I was able to simply that a little bit, down to:

import scala.xml.{Node, NodeSeq, XML}
import scala.reflect._

sealed trait Condition
object Condition {
  // it's possible to generate this with a macro, if so desired
  implicit val reader: XmlReader[Condition] = And.reader | Or.reader | Condition1.reader | Condition2.reader | Condition3.reader
}

abstract class ConditionParser[T <: Condition : ClassTag, U: XmlReader] {
  protected val name: String = implicitly[ClassTag[T]].runtimeClass.getSimpleName

  def apply(v: U): T
  implicit val reader: XmlReader[T] = XmlReader.label[U](name).map(apply _)
}

abstract class CompoundConditionParser[T <: Condition : ClassTag] extends ConditionParser[T, Seq[Condition]]()(implicitly, __.children.lazyRead(XmlReader.strictReadSeq(Condition.reader)))

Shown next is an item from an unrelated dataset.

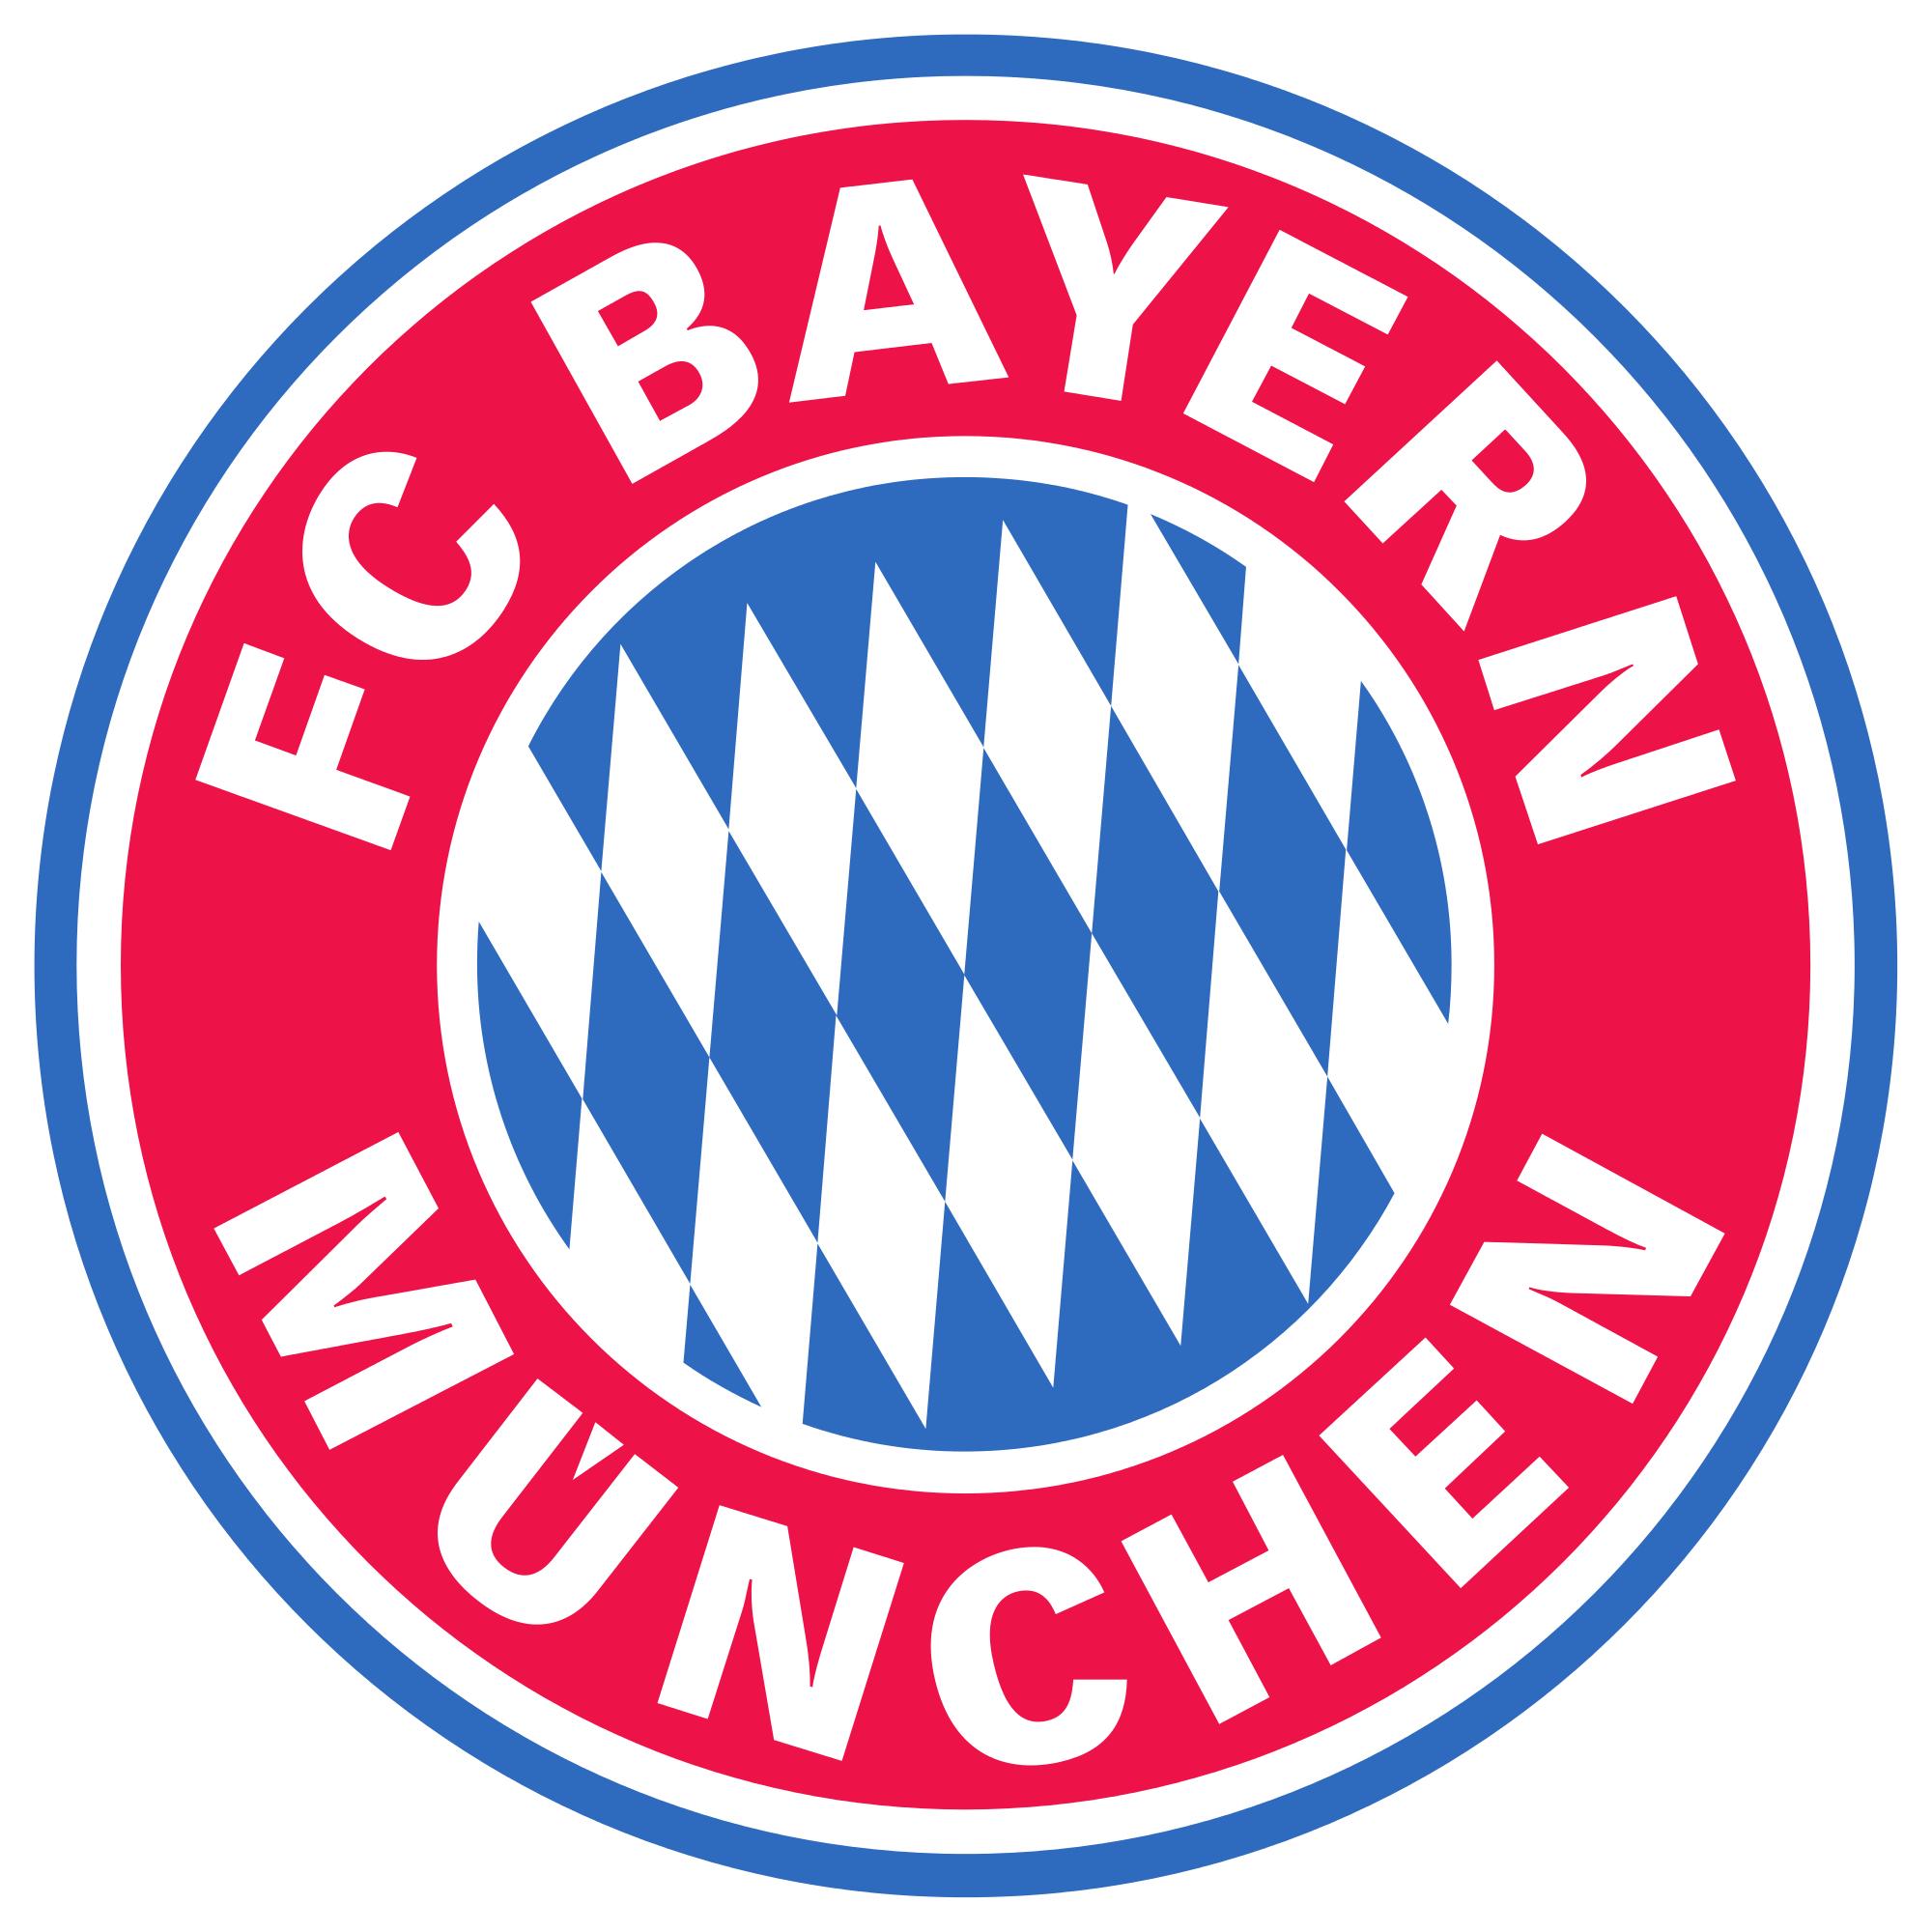 Sky zeigt Mainz gegen Bayern (HD) live im Free-TV! (1. Bundesliga)

case class And(value: Seq[Condition]) extends Condition
object And extends CompoundConditionParser[And]
case class Or(value: Seq[Condition]) extends Condition
object Or extends CompoundConditionParser[Or]
case class Condition1(value: String) extends Condition
object Condition1 extends ConditionParser[Condition1, String]
case class Condition2(value: Int) extends Condition
object Condition2 extends ConditionParser[Condition2, Int]
case class Condition3(value: Long) extends Condition
object Condition3 extends ConditionParser[Condition3, Long]

It still requires listing all of the conditions, but removes a lot of the boilerplate. It is probably possible to use a macro to generate the list of possible conditions, but unless you have a ton of conditions, and the condition change frequently it porbably isn't worth it.

I suppose another option would be to look at the label, then use reflection to try finding a class with that name, then if successfull look at the parameter type of the constructor to extract the contents of the tag. That would remove the need for the parser to know at compile time all the conditions. But adds additional complexity, and probably doesn't perform very well.

tmccombs commented 3 years ago

I'm going to close this since it hasn't been active for a while. If there are remaining questions, I can reopen it.